■ PROBLEM TO SOLVE
What you write should match, word for word, the lines from the one containing "Blue Bunny Super" through the end of the data, with no pictures.

(DATA BELOW begins)

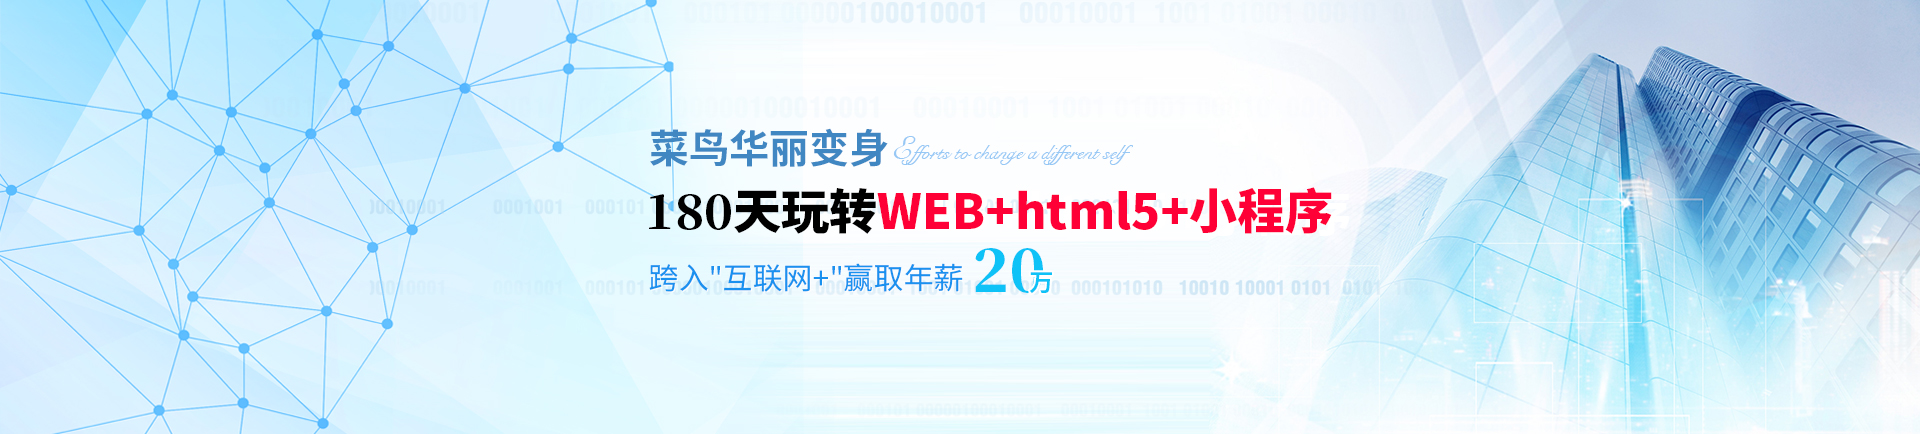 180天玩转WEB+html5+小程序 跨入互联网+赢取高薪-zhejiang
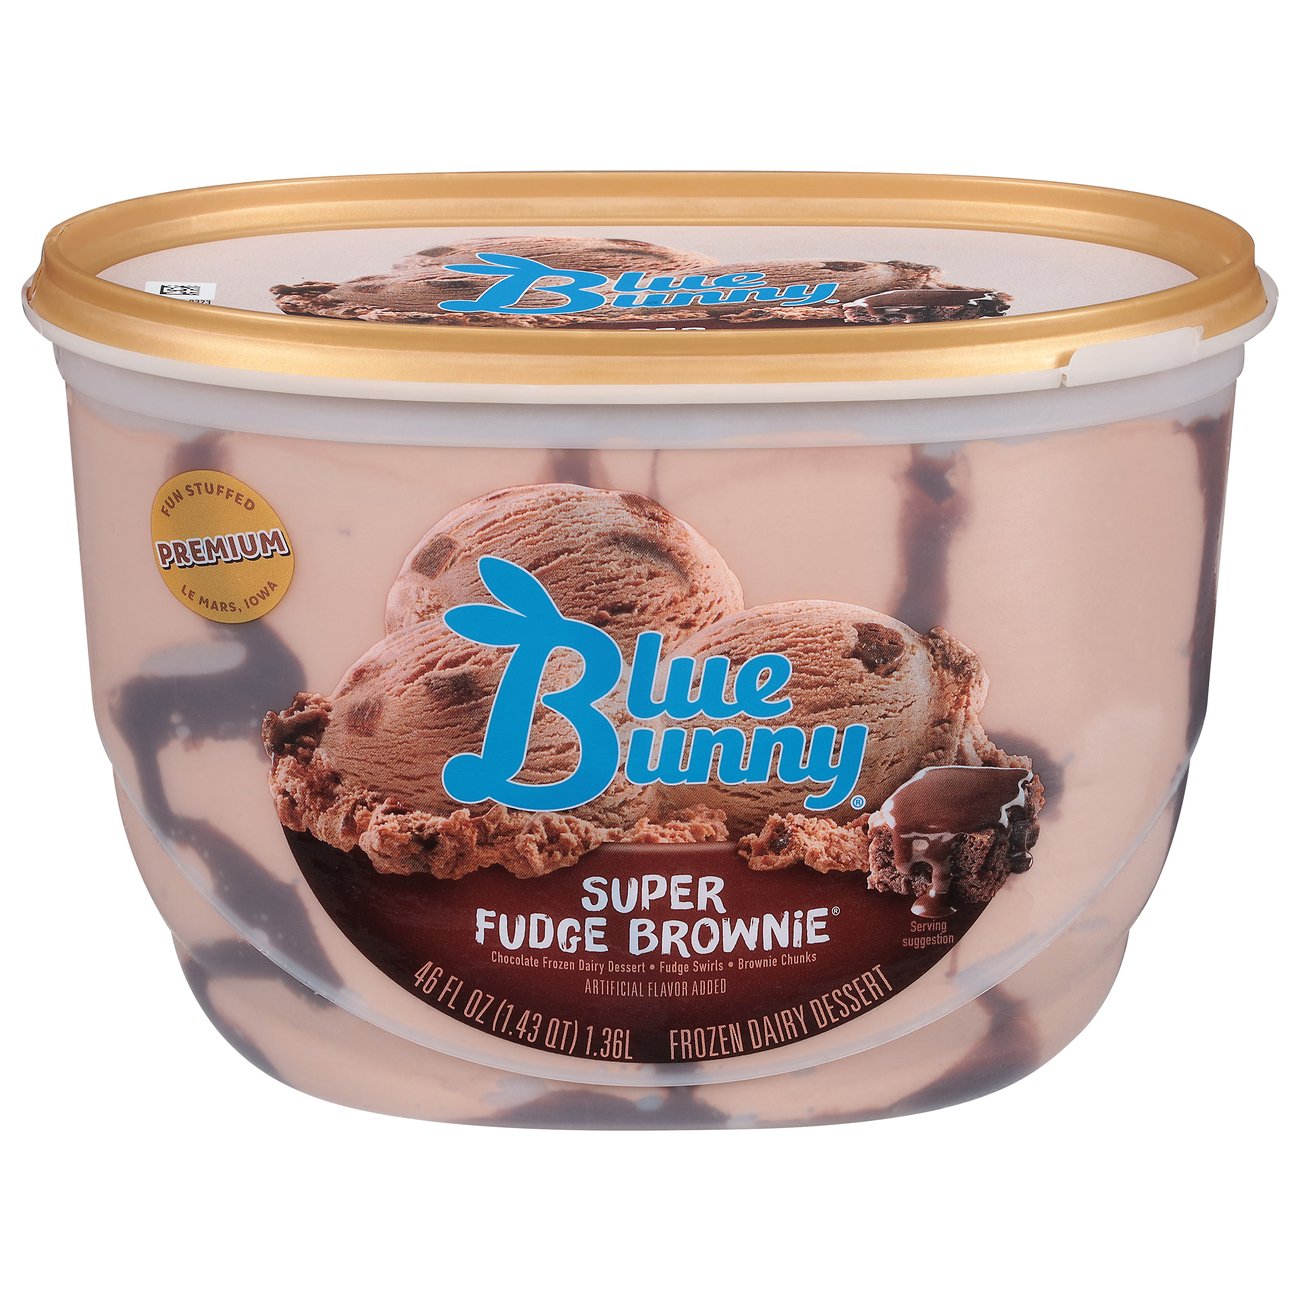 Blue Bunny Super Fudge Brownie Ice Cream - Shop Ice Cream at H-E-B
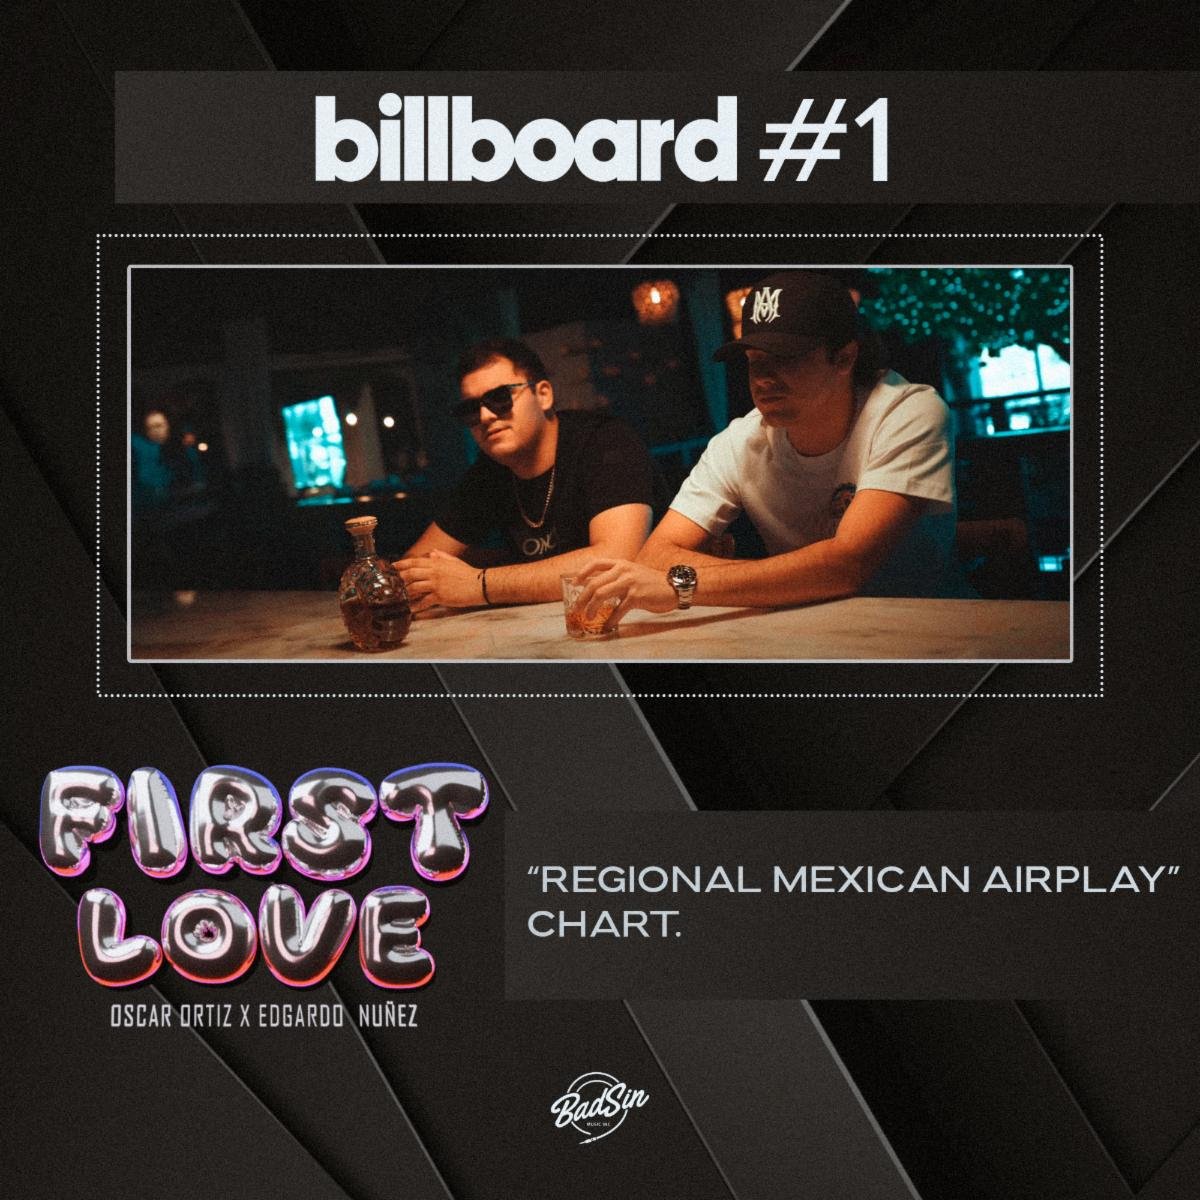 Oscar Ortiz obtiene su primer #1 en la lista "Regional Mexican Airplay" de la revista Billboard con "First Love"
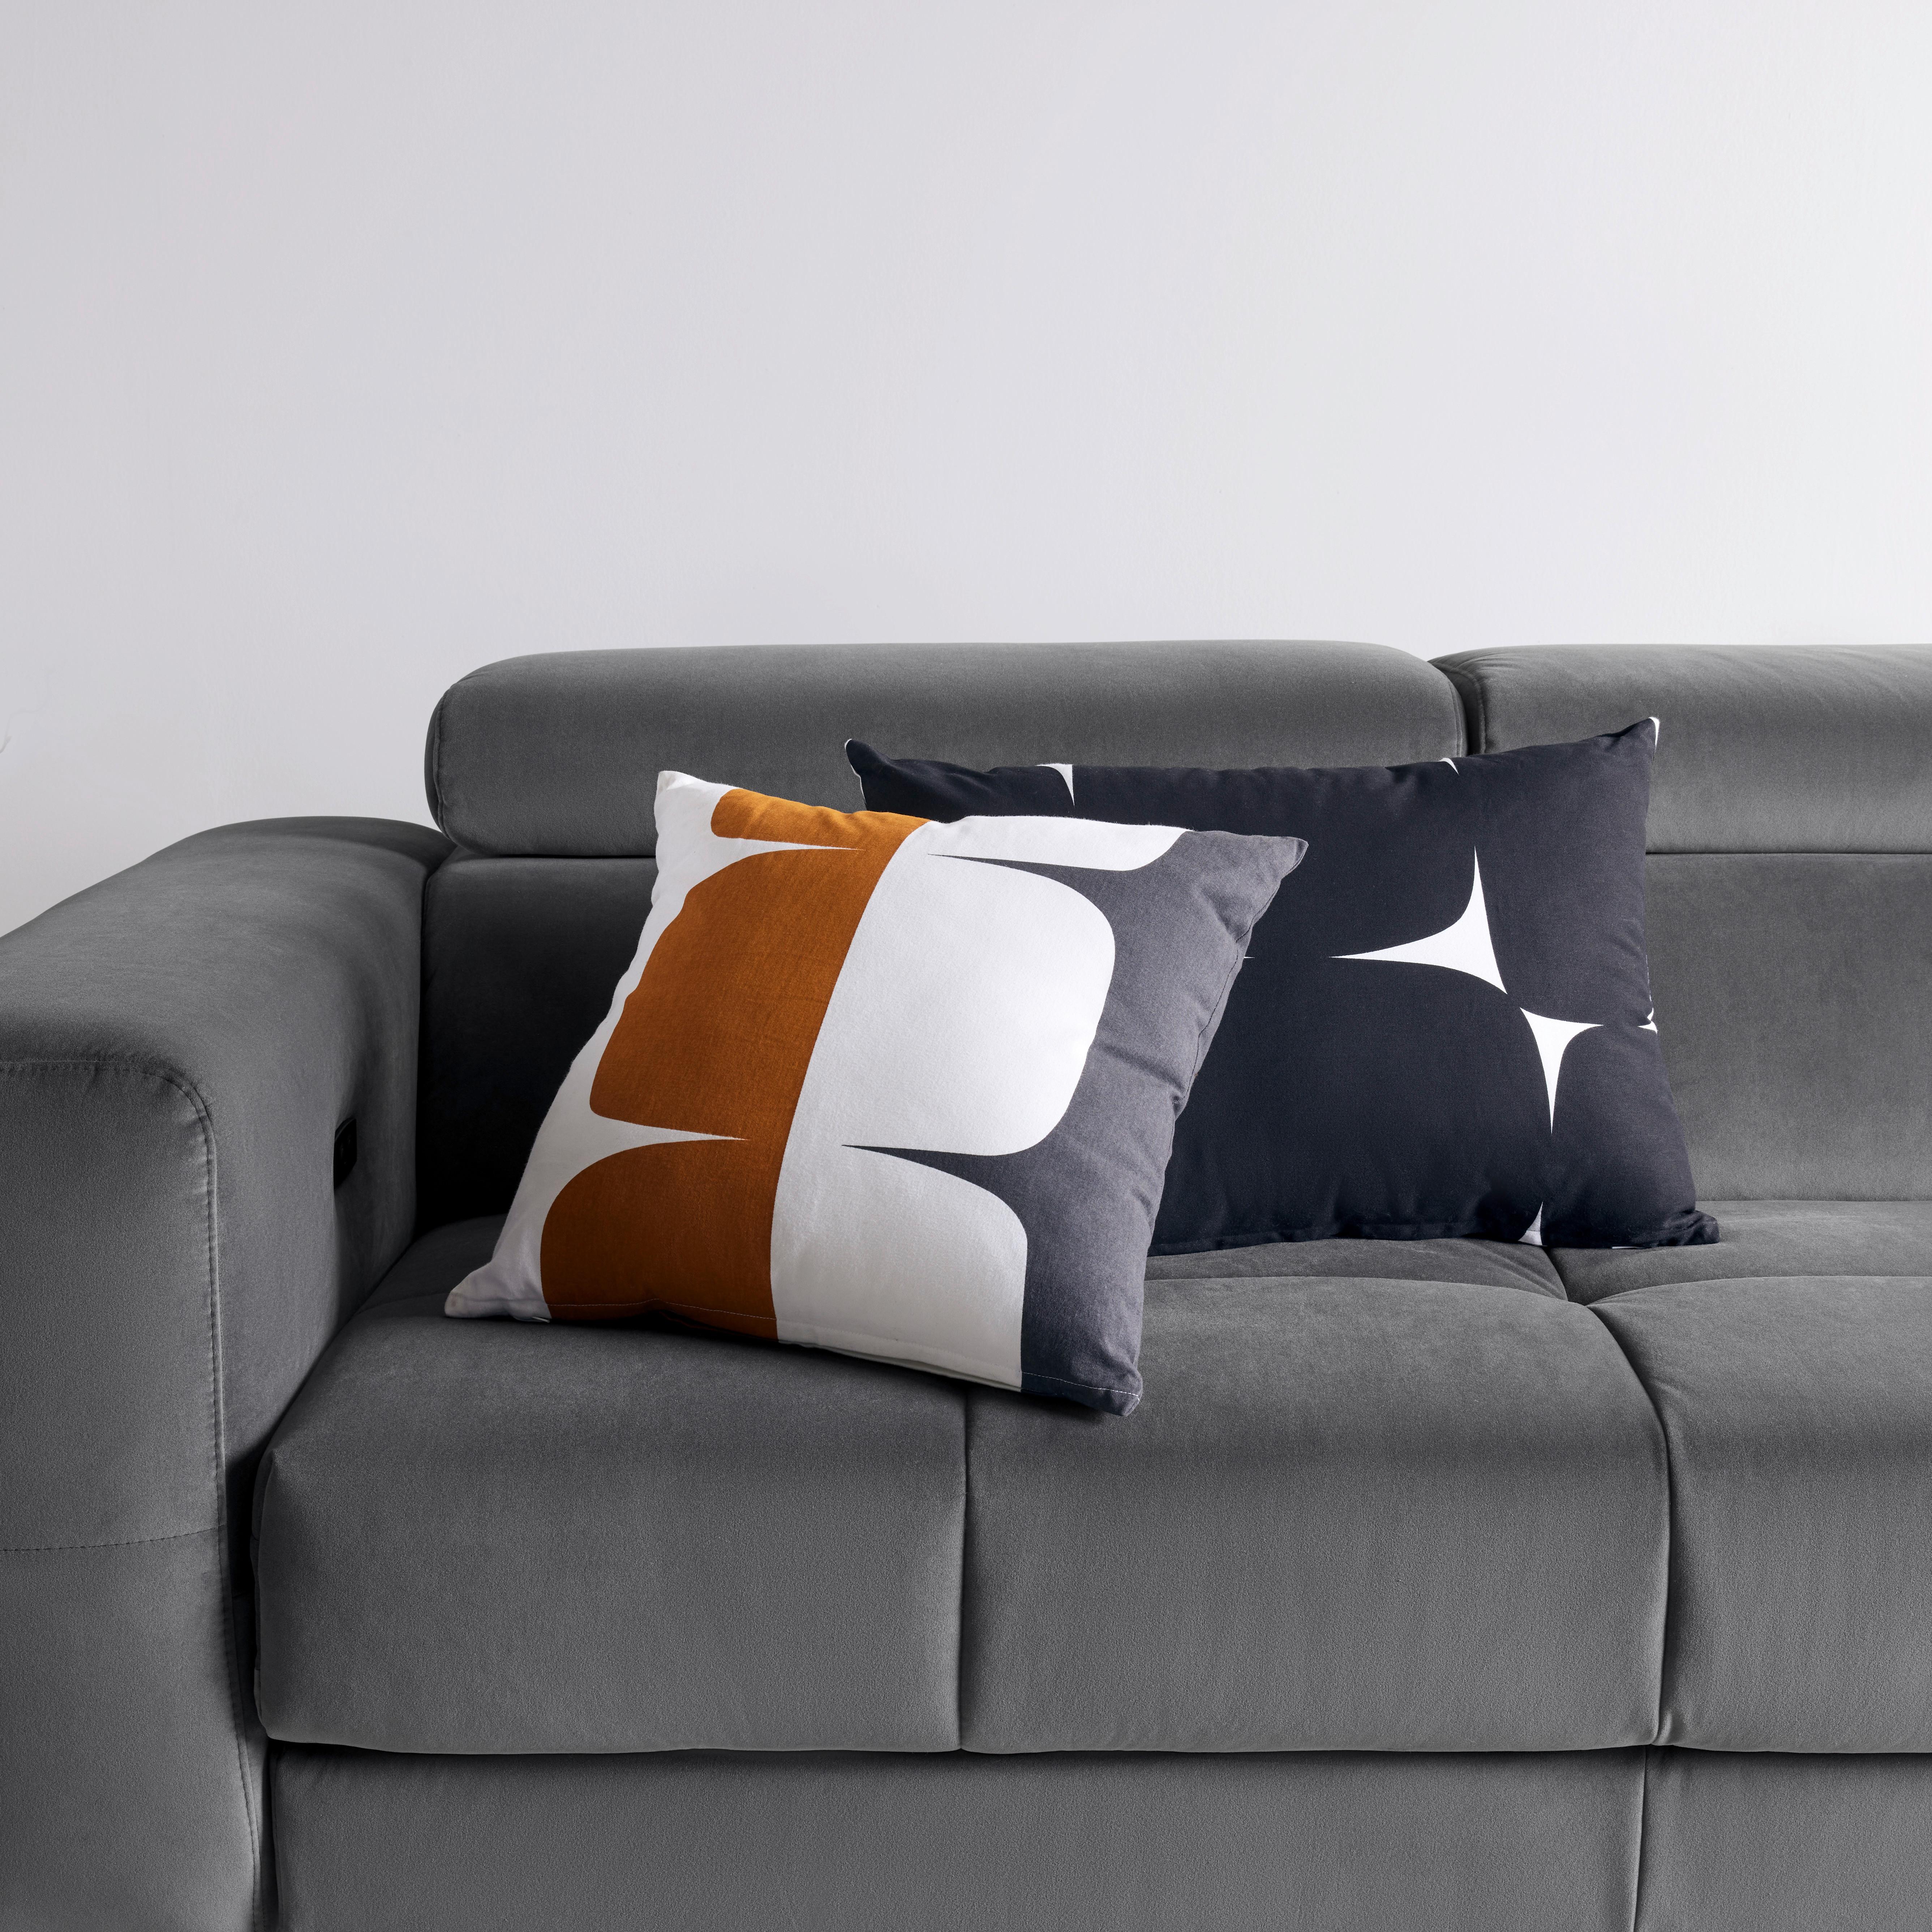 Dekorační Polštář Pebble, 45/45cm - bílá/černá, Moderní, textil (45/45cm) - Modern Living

(DATA BELOW ends)

■ RESPONSE TO THIS EXERCISE
 Blue Bunny Super Fudge Brownie Ice Cream - Shop Ice Cream at H-E-B
 Oscar Ortiz obtiene su primer #1 en la lista "Regional Mexican Airplay" de la revista Billboard con "First Love"
 Dekorační Polštář Pebble, 45/45cm - bílá/černá, Moderní, textil (45/45cm) - Modern Living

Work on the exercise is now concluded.